Golden home, green home

Open skylights within, lush green garden with lots of fruiting trees outside. Every little detail has been well thought out in this house.

As you walk up the 22nd cross of the 17th main in the 3rd sector of HSR Layout, the lush green around the unplastered house, is not something you will miss. This is Hombelaku – the Kanavi residence in HSR layout.

‘Hombelaku’- Kanavi residence in HSR Layout. Pic: Anisha Nair

A vintage brass bell hangs outside for a doorbell. Bright sunlight seeps through large skylights and a strong aroma of incense sticks greet you. This is HSR Layout’s famous green concept house. Karunaprasad Kanavi, 50, the son of Chennaveera Kanavi – the popular Kannada poet, and Vishakha Kanavi, 44, an artist, along with their son Kushal, and dog – Dhoni, are the residents of this beautiful house. The house is named Hombelaku after his father’s collection of poems.

Karunaprasad Kanavi and Vishaka Kanavi. Pic: Anisha Nair

This 50×80 site with an area of 4000 sq ft, is an inspiration for the Bangaloreans who strive to be eco friendly. Out of 4000 sq ft total area, 2000 sq ft is dedicated to a garden space. This house has also been mentioned by the Center for Science and Environment, New Delhi under the sustainable buildings category.

The bricks used for construction has been made on-site with clay and mud blocks. The walls have not been plastered or painted to avoid lead. This also gives a beautiful natural texture. Simple kota and clay tiles have been used for flooring instead of mosaic tiles. This brings natural cooling in the house and lesser energy consumption in terms of fans and Air Conditioners.

Have you ever come across an eco friendly dining table? Pic: Anisha Nair

During power shortage, solar lanterns are used instead of the inverters or UPS to save electricity. Water is heated through solar water heater no electric geysers are used in any bathrooms. Two big skylights are used for lighting during daytime cutting down any need for electric lighting.

Natural lighting inside the house. Pic: Anisha Nair

This is not it. The Kanavi family completely believes in the three ‘R’s – Reduce, Reuse and Recycle. The grey water that comes out of the washing machine is reused for flushing in the ground floor toilets. Wet garbage waste is also recycled for preparing compost.

Pic: Anisha Nair

The beautiful garden, however is the highlight. The 2000 sq ft garden has trees like Ashoka, badam, neem, coconut, Mango, Chikku etc.,

Karunaprasad Kanavi, 50, the owner of the house, who is a general manager of a software company, says, “A middle-class man builds a house only once in a lifetime. So initially I was skeptical about the usage of mud and clay thinking that it might not be sustainable. But the architect Deepak Godhi convinces us that there will be no issues about it.”

He also adds that his wife Vishakha Kanavi, 44, who has done her Masters in Arts, also gave a lot of inputs for the designing of this house. Vishakha says, “Small parts of the walls inside are plastered with clay.

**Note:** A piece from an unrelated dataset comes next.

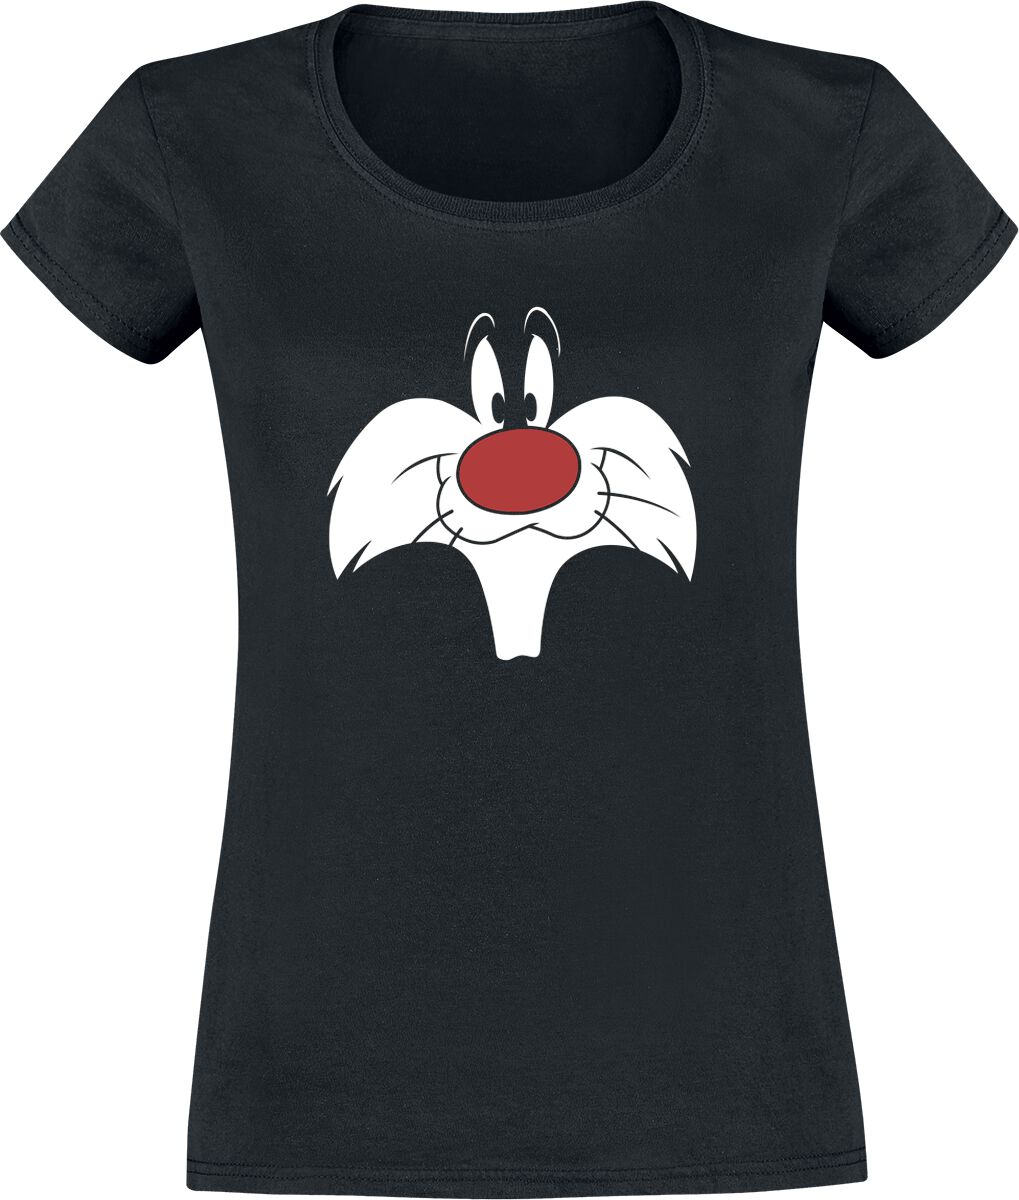 Looney Tunes Sylvester - Big Face T-Shirt black

So I can easily remove the old paintings and drawings and put up new ones.”

Paintings by Vishaka Kanavi. Pic: Anisha Nair

Excerpts from the Interview:

How did this whole idea of an eco friendly house come up?

My wife and I always believed in the conservation of environment, recycling and reusing. When we thought of building a house, we wanted it to be a completely eco friendly house with lots of open space. When we came across our architect, he told us about this idea. Initially we were skeptical as we thought that a mud and clay house might collapse easily. But when our Godhi convinced us, we were quite excited about it.

You used mud and clay bricks in the house. Are the mud bricks expensive than the normal bricks?

Yes, the bricks are a bit expensive than the normal bricks. But on the other hand, the clay bricks are larger in size so lesser number of bricks are required here. So it more or less costs the same.

What are your future plans related to the house?

I want to make the house run completely on solar power. So I am planning to install solar panels so that everything from the lights and fans runs on solar energy. I am just waiting for the prices of the panels to decrease a bit.

What do you think of HSR Layout as a place to live compared to the rest of the city?

The layout is planned with wide roads and also has Cauvery water connections in all the sectors. There are very few power cuts and there is an implementation of door to door garbage pickup by BBMP contractors. The layout also has many schools and parks.

But at the same time, there are issues such as bore wells are being dug up everywhere despite a proper water connection. Since this is a new layout, construction work keeps happening throughout the year leading to to air and noise pollution. Also there is very minimal bus connectivity.

I feel it’s a very good place to live in if small problems are solved.